Saturday's loss reduced the White Sox elimination number to five in the American League Central and 10 for the American League Wild Cards, with the White Sox (56-78) now certain to have a poorer record than their 85-77 mark in 2012. They also moved back into third in the 2014 First-Year Player Draft order by losing back-to-back games for the first time since Aug. 14-15, and finished August at 16-13.

This lack of overall White Sox success has Peavy (11-5) turning in strong outings for the AL East-leading Red Sox instead of remaining a part of Ventura's crew. The White Sox wish Peavy well and fully understand the positive effect he will have on Boston's postseason chances.

Their hope to derail him on Saturday, thought, didn't quite work out.

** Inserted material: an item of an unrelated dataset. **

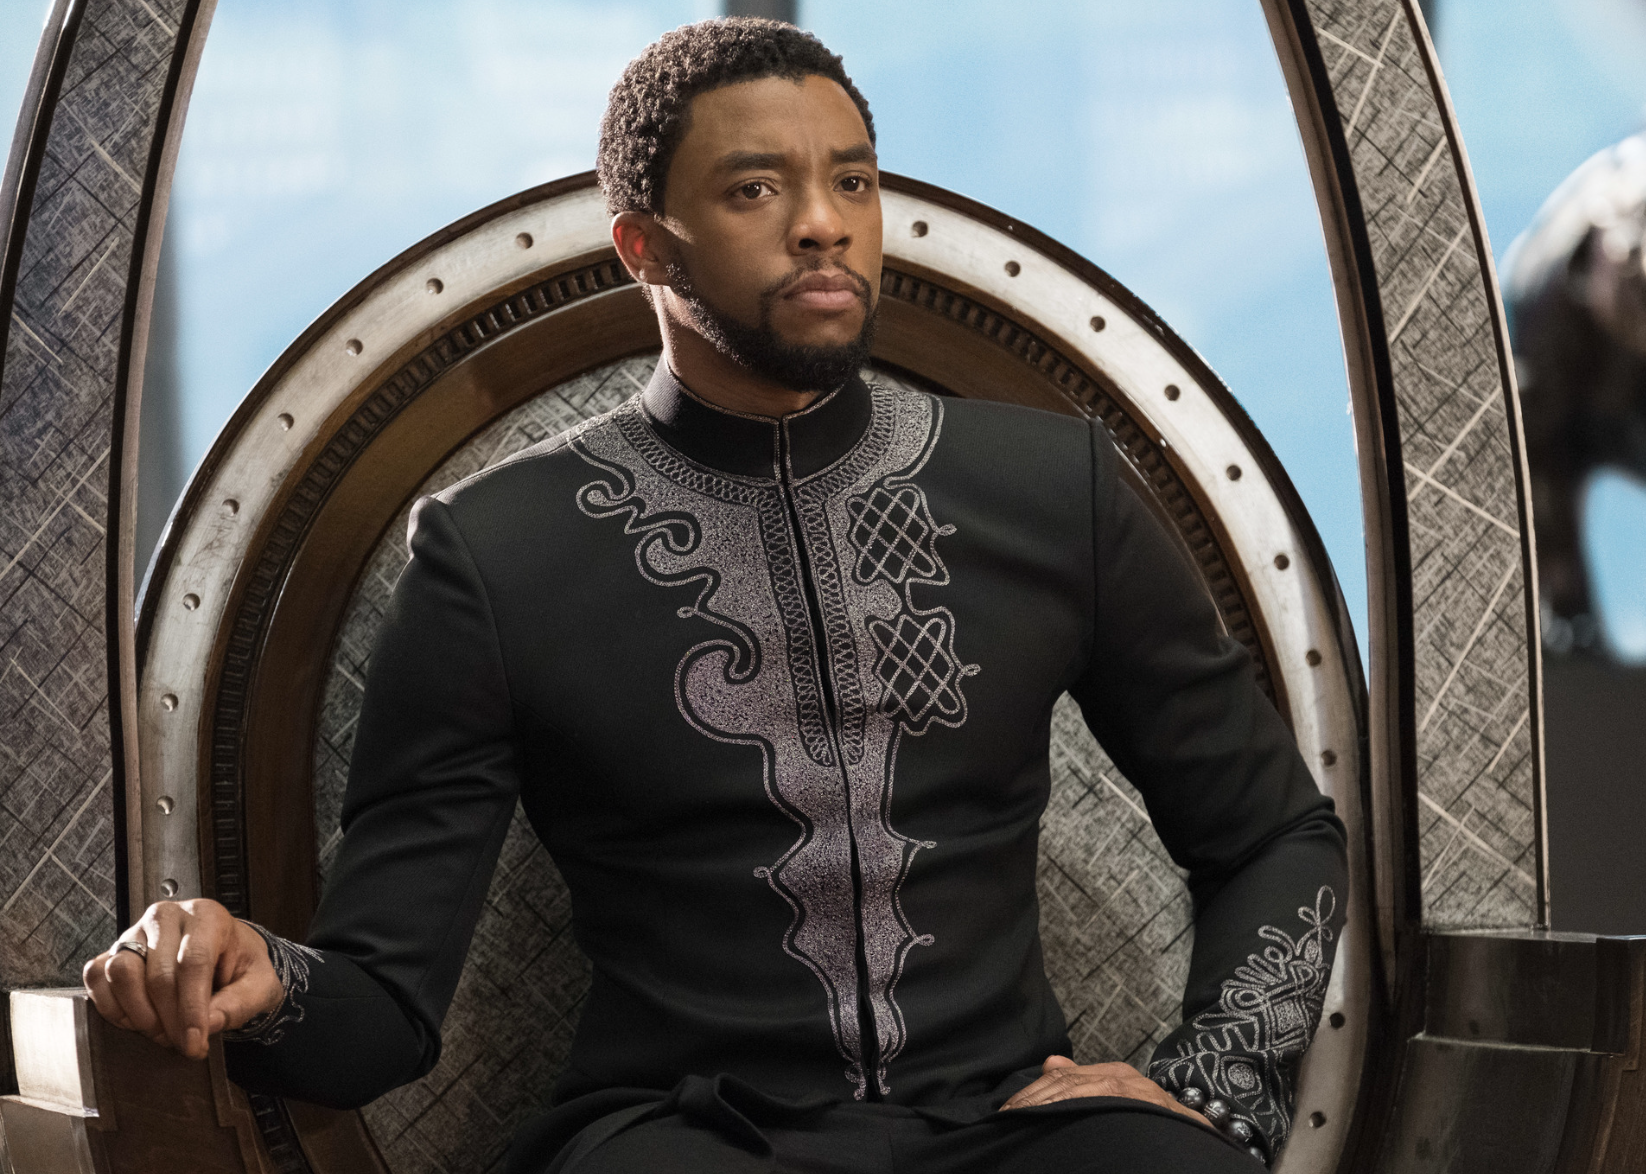 Chadwick Boseman in a scene from "Black Panther"

"I've been very complimentary to Jake for tons of reasons," Danks said. "He's a guy who's obviously very good and knows what he's doing. He's going to help Boston a lot in the playoffs. That was a big pickup for them. Certainly wish him all the best, but I wish we could have beat up on him tonight."

"It was a good feeling to have, actually," said Dunn of facing Peavy. "A little extra, I wouldn't call it motivation, but you had a little extra something to each at-bat. I got pitches to hit, I just didn't hit him."